Berry nice doelings!


----------



## mariella (Feb 23, 2017)

They are the berry best!
It looks like Blackberry has some roan to!(Blackberry is the second picture)


----------



## mariella (Feb 23, 2017)

Look how long their ears are! I love their sire even more now


----------



## bisonviewfarm (Apr 2, 2015)

Congratulations! Beautiful little girls!


----------



## SandyNubians (Feb 18, 2017)

Congrats on 2 nice big doeling! Her udder is huge! How much milk does she produce?


----------



## mariella (Feb 23, 2017)

She gave 1/2 gallon a milking her first freshening but her last 2 freshening she didn't give much do to my lack of care for her health. I dried her up after her last kidding and let her eat like she was in milk and then bred her to see if she would give her FF amount. I milked her right before I posted and I got 1/2 a gallon so I guess she will be giving a little over a gallon when her milk comes in.


----------



## Dwarf Dad (Aug 27, 2017)

Their ears look almost as long as those Iranian goats. Will they grow into the ears or stay same proportion?


----------



## mariella (Feb 23, 2017)

Not to sure their sire's ear stayed the same proportion so I think there's will to.
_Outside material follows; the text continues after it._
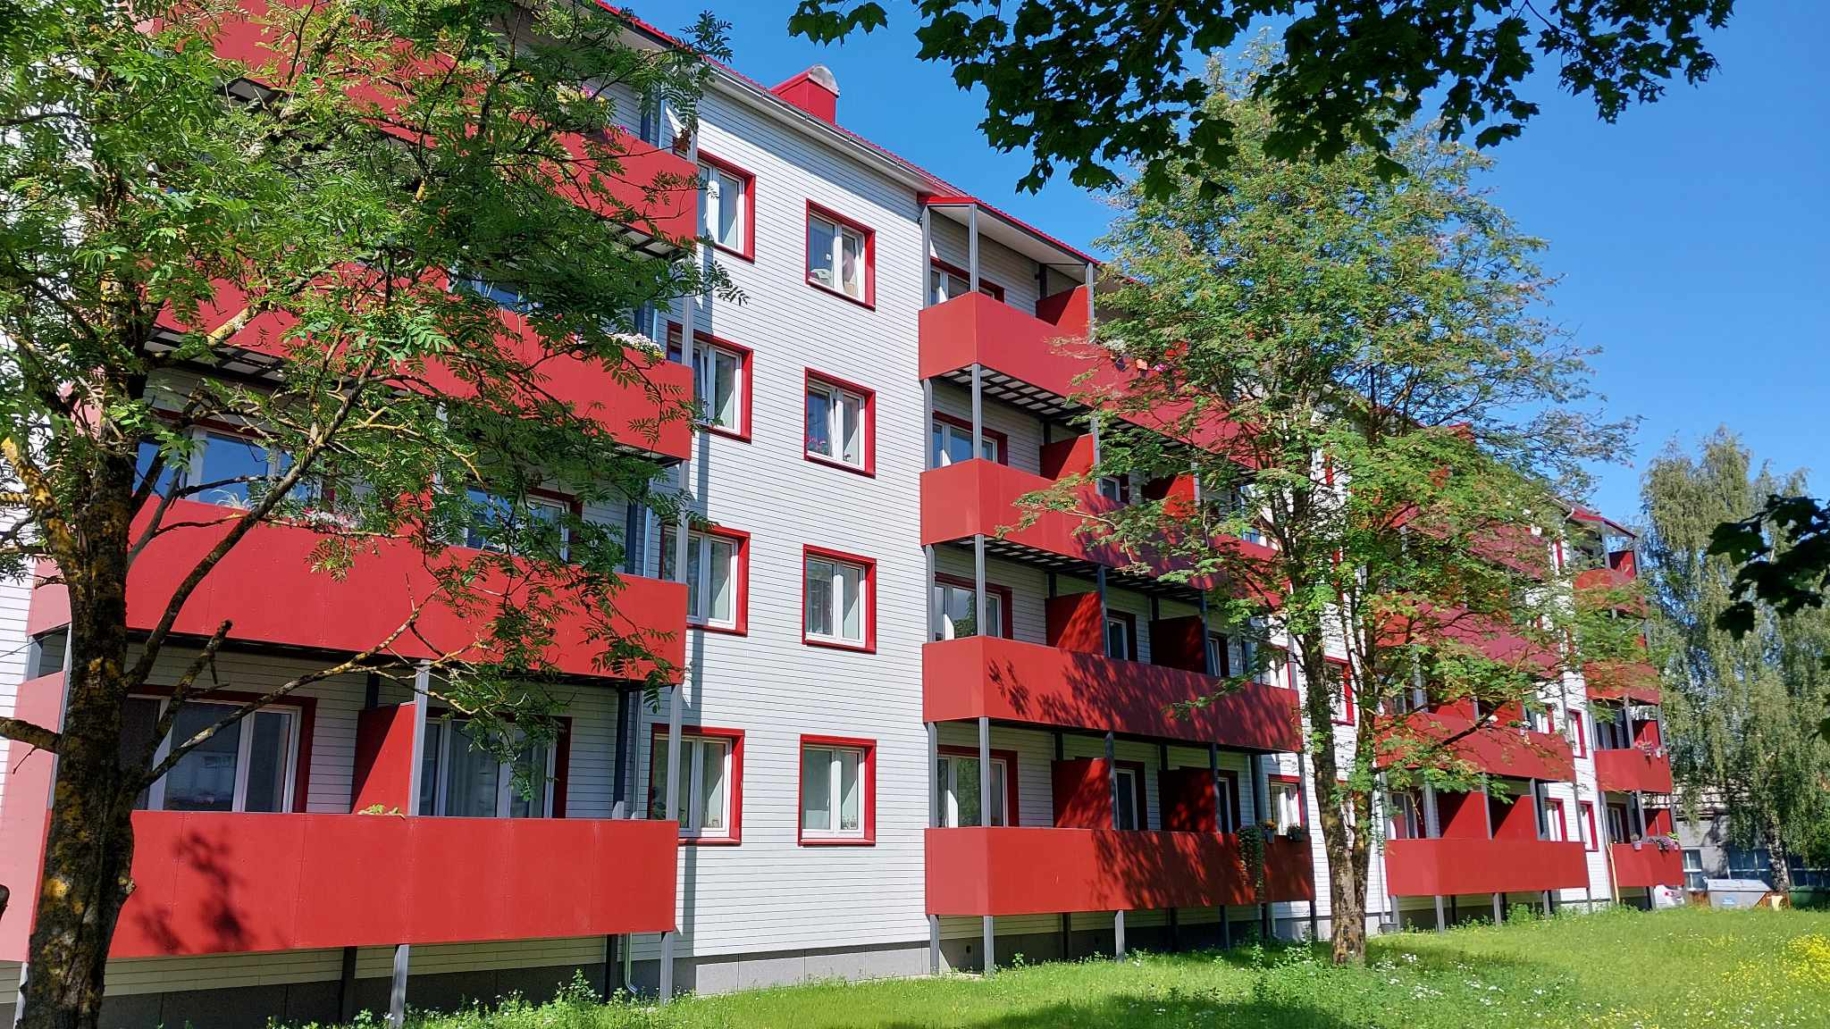 Kinnisvarabüroo Uus Maa analüütiku Risto Vähi sõnul renoveeritakse vanu Tallinna «mägede» kortermaju juba sellisel tasemel, et need on nii välimuselt kui...

I'm a bit worried about Blackberry she didn't eat when I just tried to feed her. Her sister eat grate but she didn't seem interested. Her legs were shaking when she stood up and she seemed like she was cold.


----------



## toth boer goats (Jul 20, 2008)

So cute.


----------



## Dwarf Dad (Aug 27, 2017)

mariella said:


> Not to sure their sire's ear stayed the same proportion so I think there's will to.
> 
> I'm a bit worried about Blackberry she didn't eat when I just tried to feed her. Her sister eat grate but she didn't seem interested. Her legs were shaking when she stood up and she seemed like she was cold.


I sure hope she warms up and does better. Such a cutie.


----------



## mariella (Feb 23, 2017)

I guess she just wasn't hungry at that time because she eat grate the next time I went to feed and her shivering stopped. 

I guess the wait begins for Patty and the rest of the girls. The doeling I bought that was possibly pregnant hasn't gone into heat sens I got her. And her Vulva and belly are looking pregnant so I am going to add her to my list of does due to kid. Peony I'm pretty sure is pregnant. Patty I have no doubt is pregnant. Marigold is pregnant. Luna is pregnant it's just a matter of weather she took the first time or the second. And I plan to breed my doeling Cappuccino in March so if she goes into heat she will have 2019 kids to.


----------



## mariella (Feb 23, 2017)

I need to get pictures of all the girls. These are from before Hazel kid.
The order goes Marigold, Peony, Patty, And Luna.


----------



## mariella (Feb 23, 2017)

And look how big the girls are getting! I never posted their birth weights but Blackberry weighed 12.2 pounds Blueberry weighed 11.5 pounds. I weighed them on Friday and Blackberry weighed 16.5 pounds and Blueberry weighed 15.6 pounds. I might need to upgrade them to another box.


----------



## ksalvagno (Oct 6, 2009)

Cuties!


----------



## SandyNubians (Feb 18, 2017)

Awww, they are so cute!:inlove:


----------



## Dwarf Dad (Aug 27, 2017)

They are cute! Not much running room in their play pen.


----------



## toth boer goats (Jul 20, 2008)

Aww.


----------



## mariella (Feb 23, 2017)

The berry twins now live outside and are little monsters when it comes to me trying to give them their grain .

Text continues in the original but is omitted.